Hearing loss from noise is permanent but preventable
Your child or grandchild’s first words. The meadowlark’s song. Your spouse saying, “I love you.”
The thought of missing out on these sounds is heartbreaking. If the sound you’re not hearing is a cry for help, a honking horn, or a smoke detector, the results could be dangerous or even deadly.
Farming is a noisy business. According to the Great Plains Center for Agricultural Health (GPCAH), hearing loss from noise exposure is common among agricultural workers. It usually occurs gradually over the span of several years and may not be noticed until it’s a serious problem.
Grain dryers, tractors, combines, livestock, chain saws and other saws, and firearms are the top culprits when it comes to hazardous noise on the farm.
How Loud Is Too Loud?
The short answer is if you have to raise your voice to be heard by someone 3 feet away, the environment is too loud. If a noise causes ringing in your ears or a temporary reduction in hearing, it’s too loud.
The specific answer is that any sound level over 85 decibels or prolonged exposure to sounds over 80 decibels can cause hearing loss, according to GPCAH.
The average level for a push mower or ATV is 90 decibels; enclosed tractor cab or grain auger, 92; air compressor, 95; shop vacuum, 97; pigs squealing, 100; pressure washer, 102; tractor with no cab, 105; metal grinder, 110; and chain saw, 115.
The best way to be sure of a sound level is to measure it. While sound meters are expensive, several free decibel meter apps are available for smartphones.
Fortunately, there are ways to protect your hearing even when you have to be in noisy environments.
Your first line of defense is to reduce the noise around you whenever possible. Ask about sound levels when buying new equipment, keep machinery in good working order so it runs quieter, and use tractors with enclosed cabs whenever possible. It’s also good practice to limit the amount of time spent in noisier situations, because the longer the exposure, the more damage that occurs.
There’s no way to completely eliminate damaging noise levels.
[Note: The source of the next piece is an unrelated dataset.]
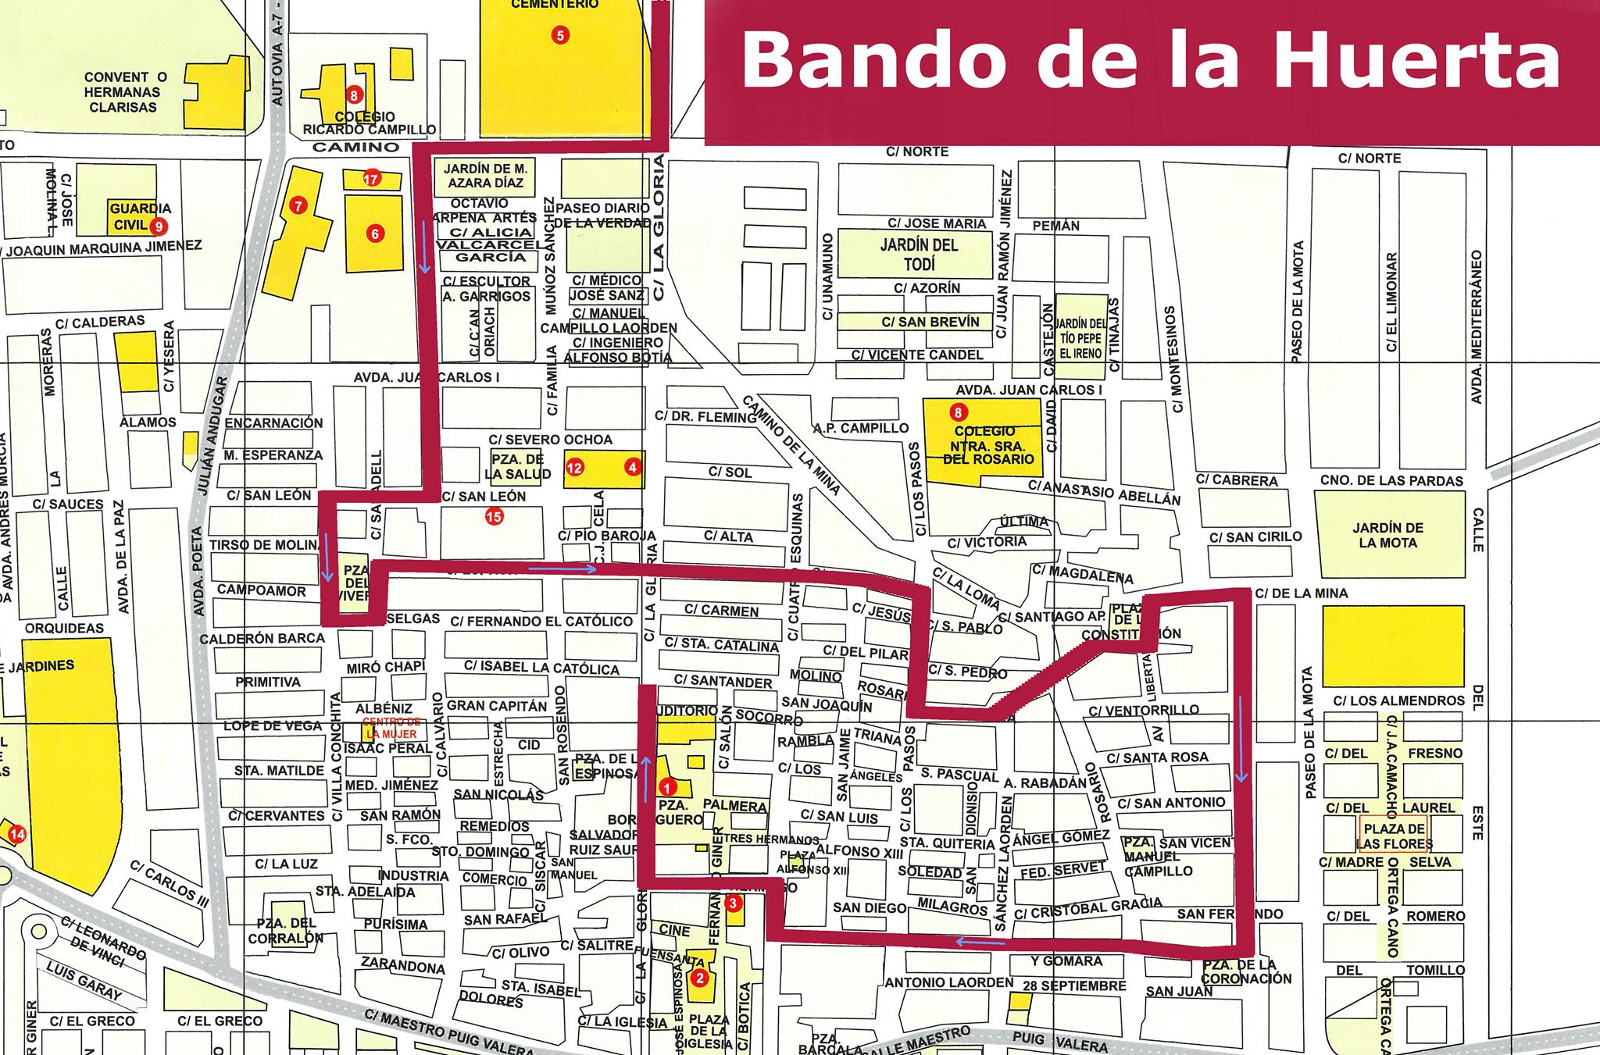 Cortes calles Bando Huerta 2018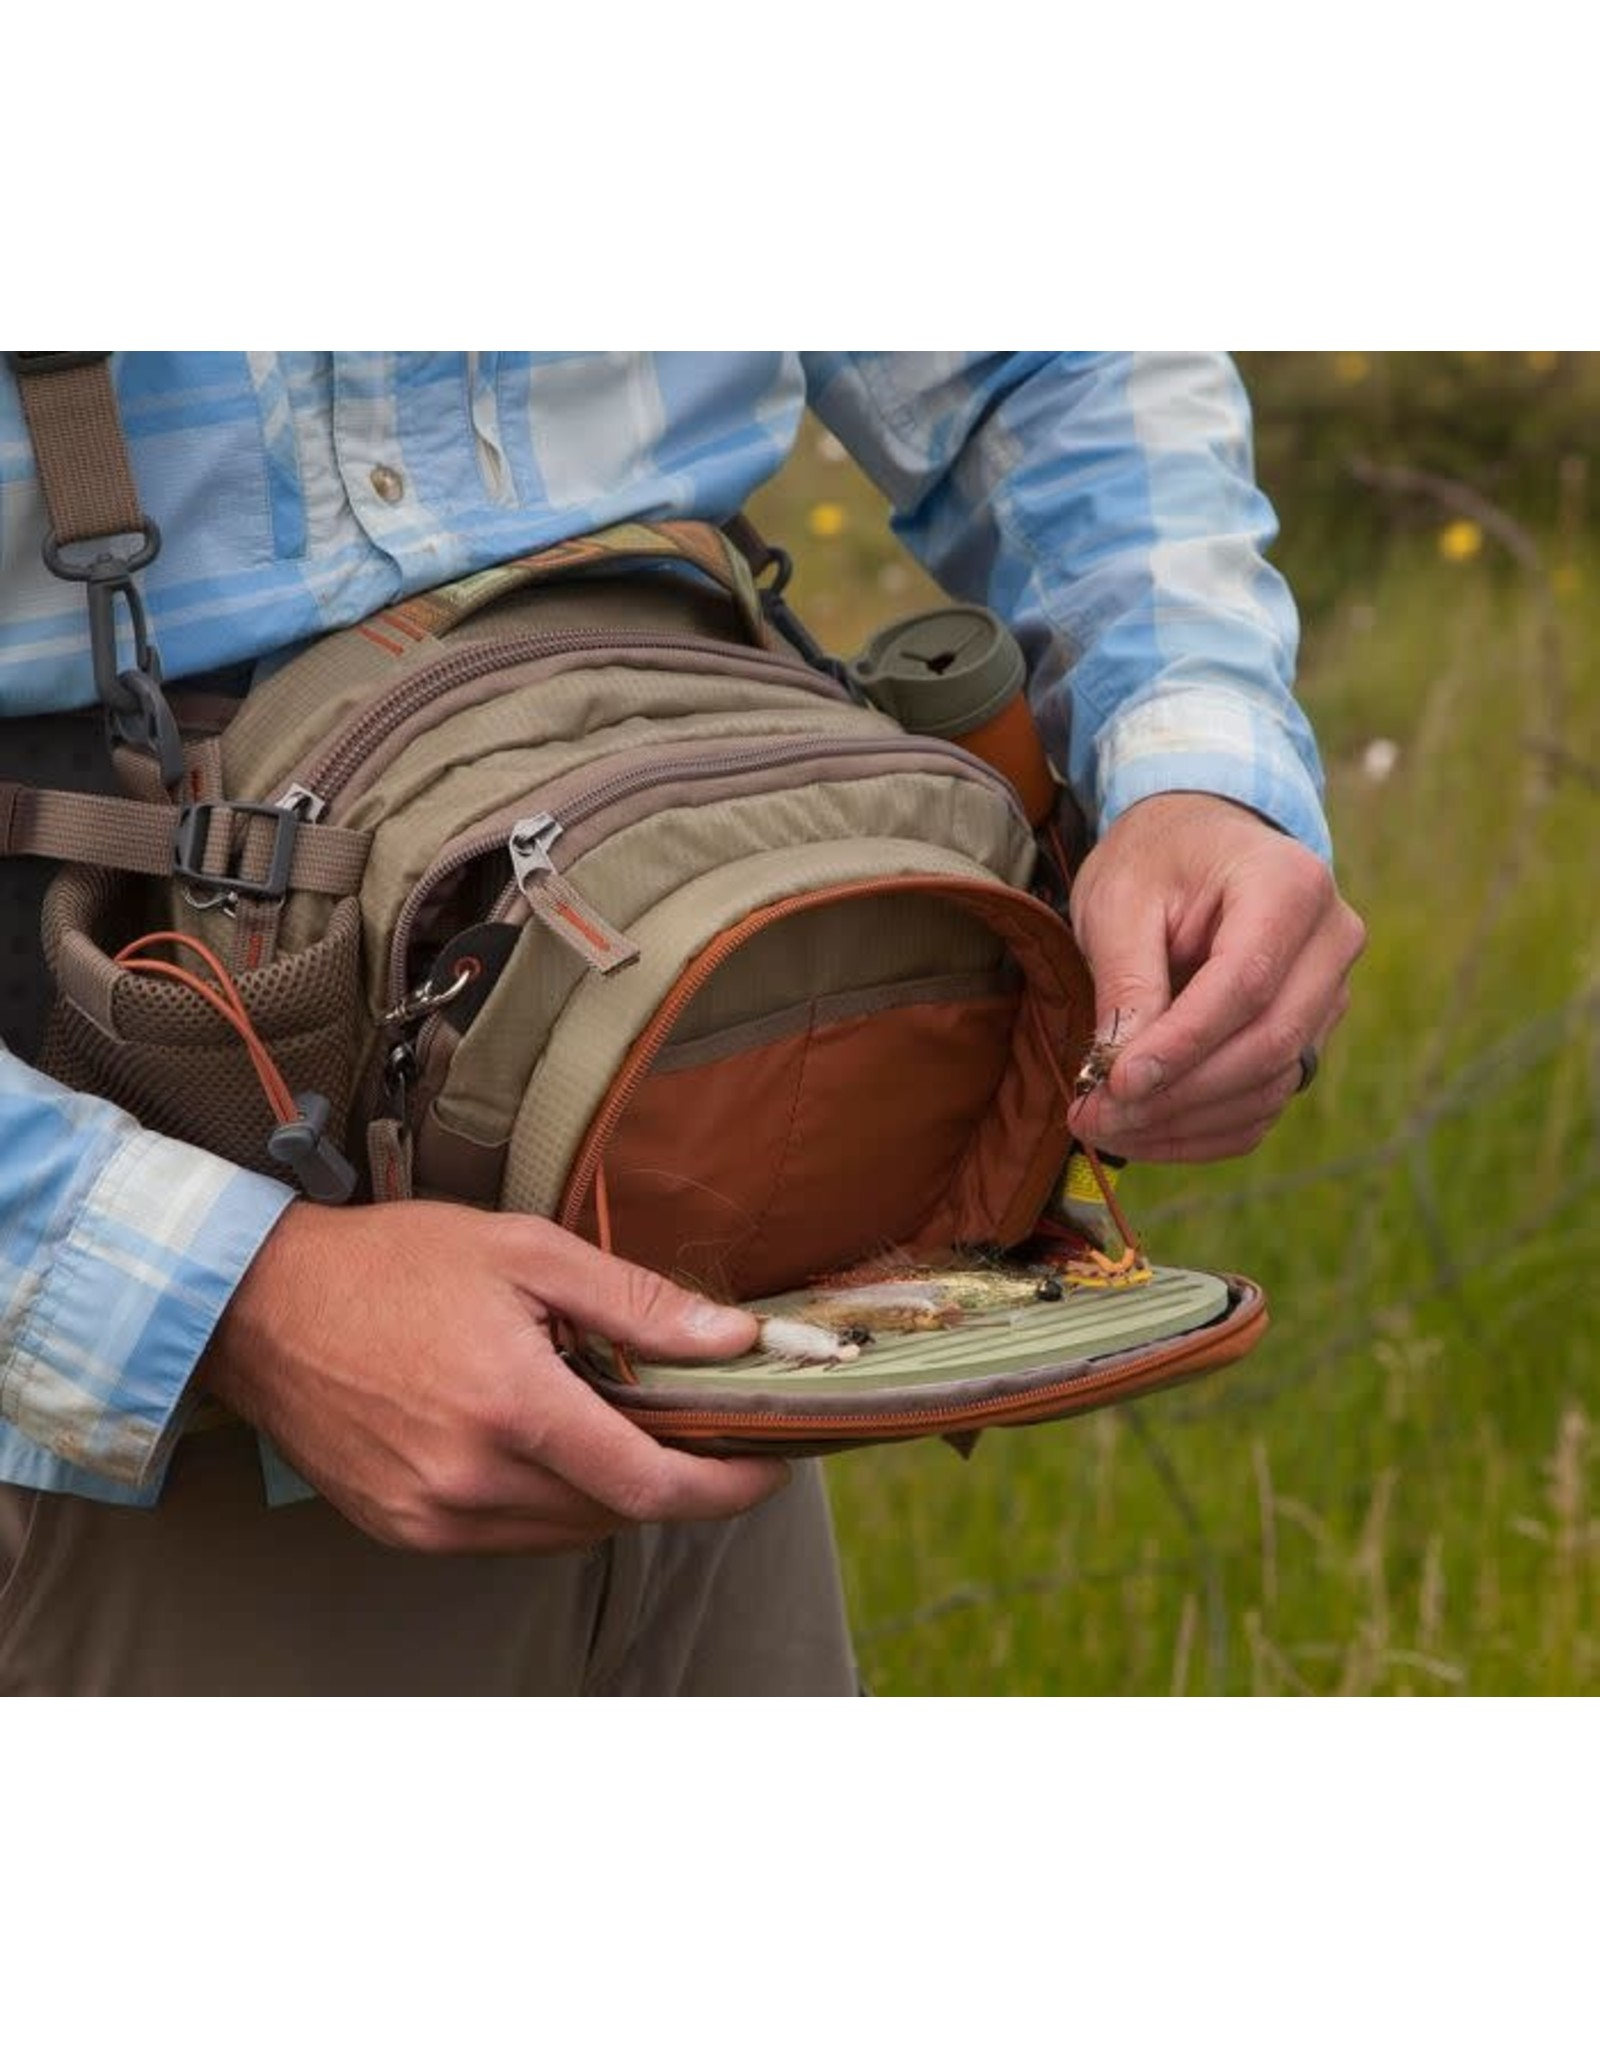 Fishpond Waterdance Guide Pack - Driftwood

Choosing the correct personal protective equipment (PPE) can help reduce exposure and save your hearing.
When shopping for PPE, check the noise reduction rating (NRR) and choose the option with the highest number, generally between 0 and 35. The overall decibels are reduced by the NRR when PPE is worn correctly.
GPCAH says earmuff-style ear coverings offer the best protection and are easiest to use. Expandable ear plugs that roll up and go into the ear canal are the next best option, but they must be inserted correctly to be effective.
Other PPE include premolded or custom-molded earplugs and canal caps, which are earplugs on a band that can hang around the neck when not in use. In extremely loud environments, both earplugs and earmuff-style PPE can be worn for dual protection. Keep in mind that when wearing both, the true NRR is not the sum of the two NRR numbers. Rather, according to the CDC, doubling up adds 5 decibels to the higher NRR.
One reason farmer workers may not want to wear PPE is that they need to be able to communicate and hear warning signals or machinery noises. To avoid overprotection, measure the noise level and avoid PPE that would reduce it to less than 70 decibels. For this reason, it’s a good idea to have multiple PPE options with different NRR.
Remember that the most effective type of hearing protection is the one you have with you when it’s needed, and one you’ll consistently use. Consider purchasing multiple sets of PPE and keeping them in the places where they’re needed most often.
Keep Kids Safe
Because hearing loss from excessive noise is cumulative over time, it’s important to protect children and teenagers and help them form good habits when it comes to noise.
Children learn by example, so if they see their parents wearing PPE in noisy situations, they will be more likely to follow suit. Of course, it’s best for them not to be in those environments if possible.
Young children with hearing loss can suffer setbacks in communication and language development and social skills. Teenagers are at additional risk from listening to loud music for prolonged periods.
Make sure they don’t have the volume too high and encourage them to take frequent breaks.
If you suspect your child has any amount of hearing loss, see a doctor immediately. Again, provide a good example and seek medical attention yourself if you suspect hearing loss.